I don't think standards should say (normatively) how senders should
figure out what to send; standards should say what the message _means_.
If you want to give implementation advice for how a sender might
create a valid message, it should be clearly labelled as just
information and not part of the normative spec.
Handling of URLs containing inappropriate characters
Some URLs may contain characters that are inappropriate
for an RFC 822 header, either because the URL itself
has an incorrect syntax or the URL syntax has changed to
allow characters not allowed in mail headers. To include
such a URL in a mail header, an implementation might:
(a) Transform the URL, e.g., using the encoding method of
[RFC URL SYNTAX], in both the HTML text and the mail header.
This transformation must be done carefully, since
the %xx hex encoding cannot be applied directly to the
URL but rather must be applied to its component parts.

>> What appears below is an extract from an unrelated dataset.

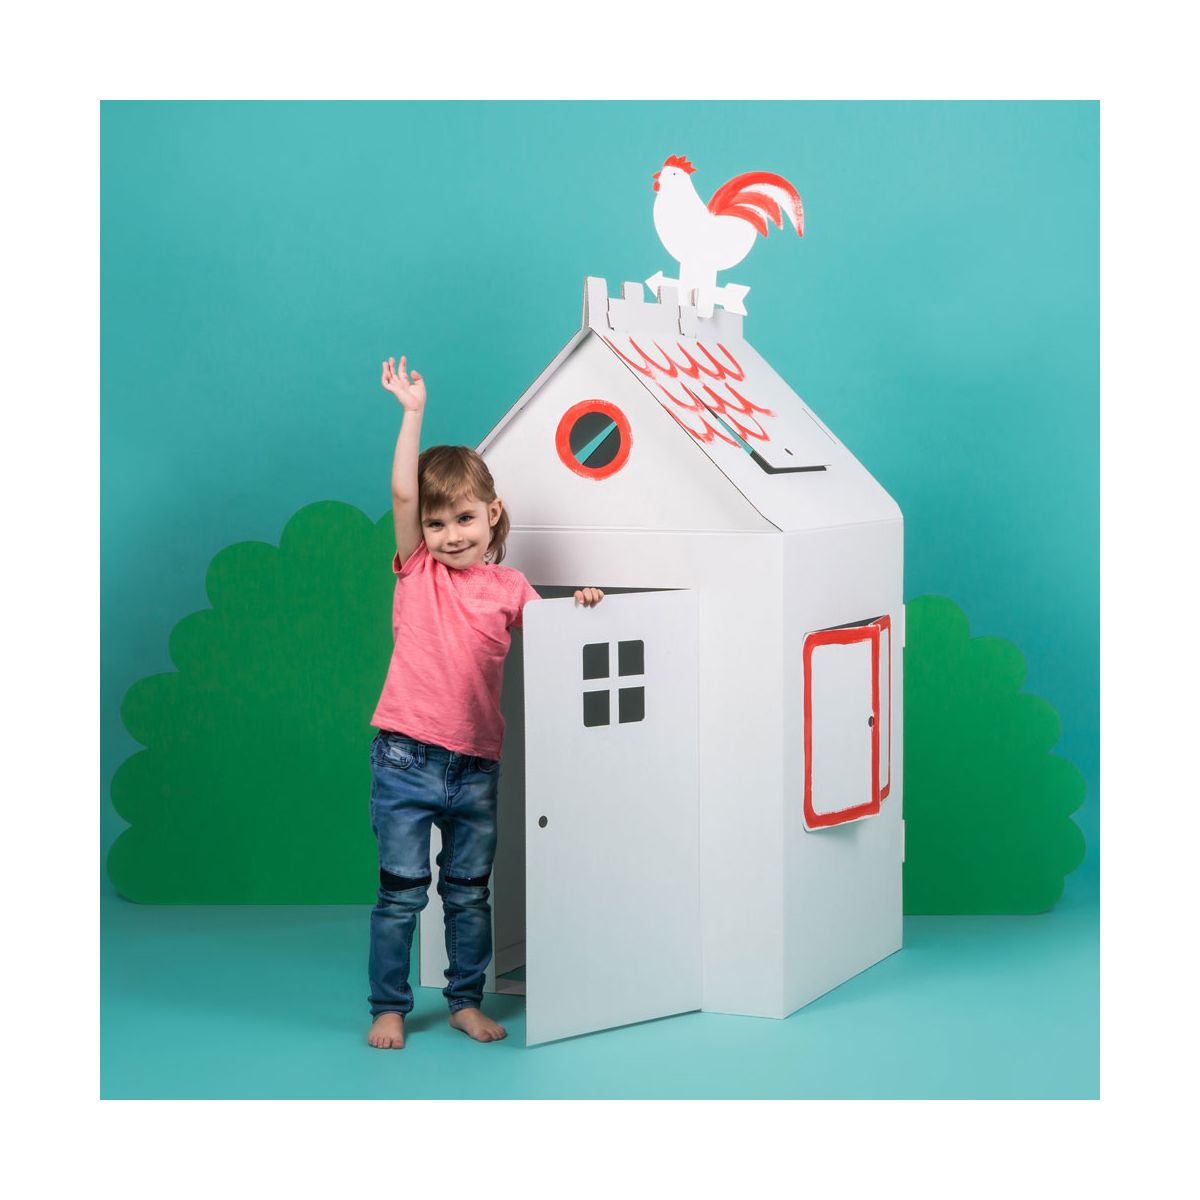 Großes Papphaus für Kinder-kreatives Spiel im Haus und GartenPappe kartonhaus 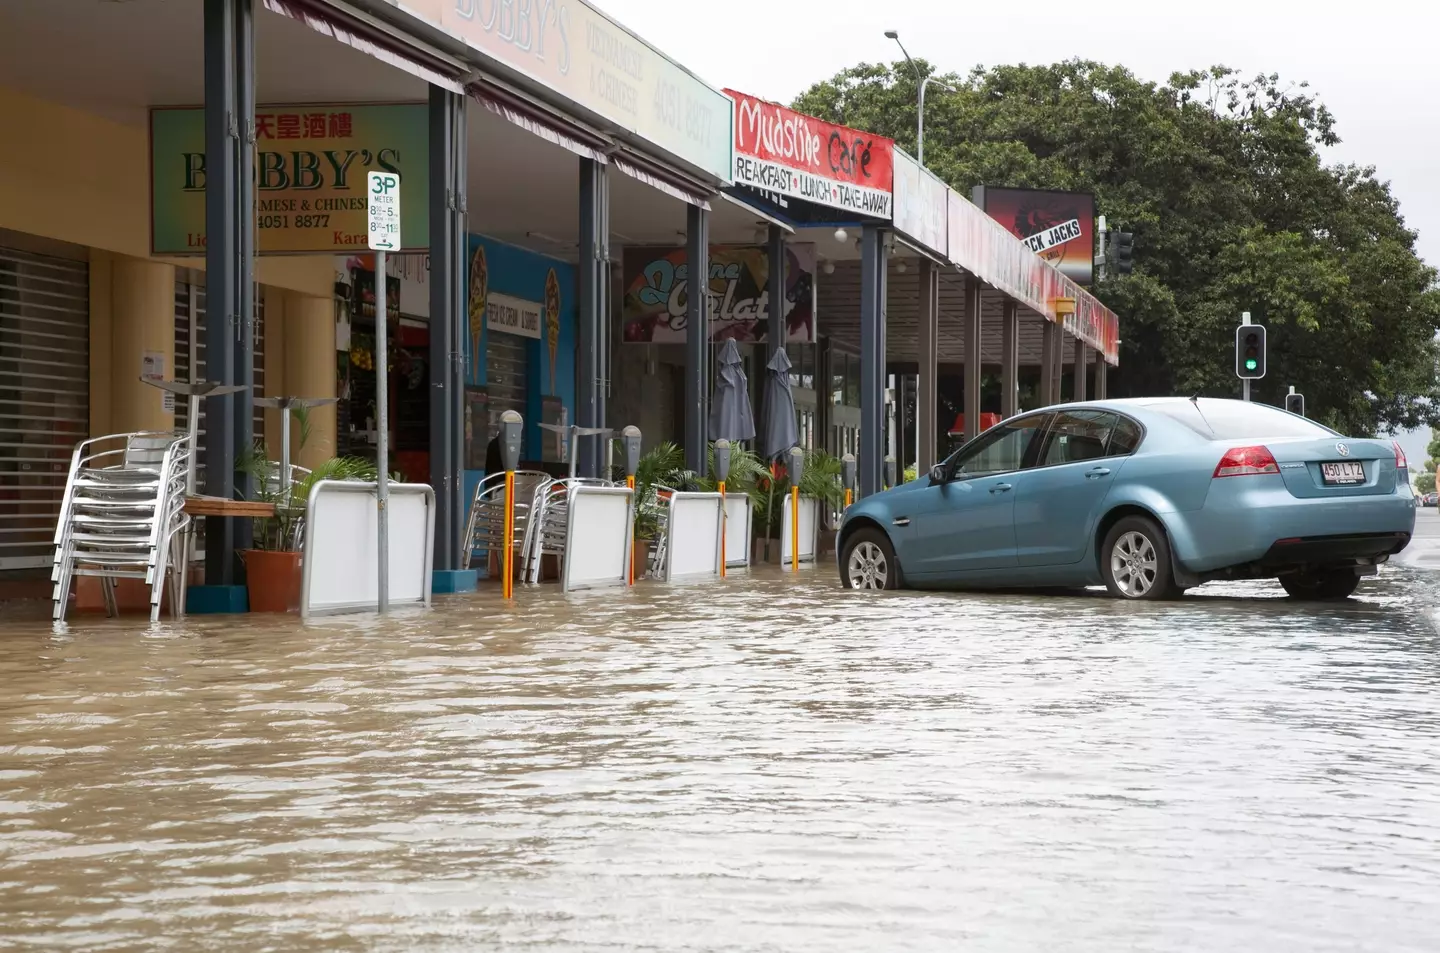 Australia has also experienced extreme flooding.

Note that transforming HTML text has several difficulties,
including the fact that message integrity checks are
no longer valid.
(b) Use the encoding method for message headers described
in RFC 2047, using either a charset value of "US-ASCII",
or, if the URL contains octets outside of the 7-bit range,
"UNKNOWN-8BIT" [RFC 1428], or "UTF8", as appropriate.
Note that for MHTML processing (URL matching), the charset
value is irrelevant, but it may be relevant for other operations
on the URL.
Note that recipients of messages must reverse the encoding
used in method (b) before matching URLs.
Larry
--
http://www.parc.xerox.com/masinter
|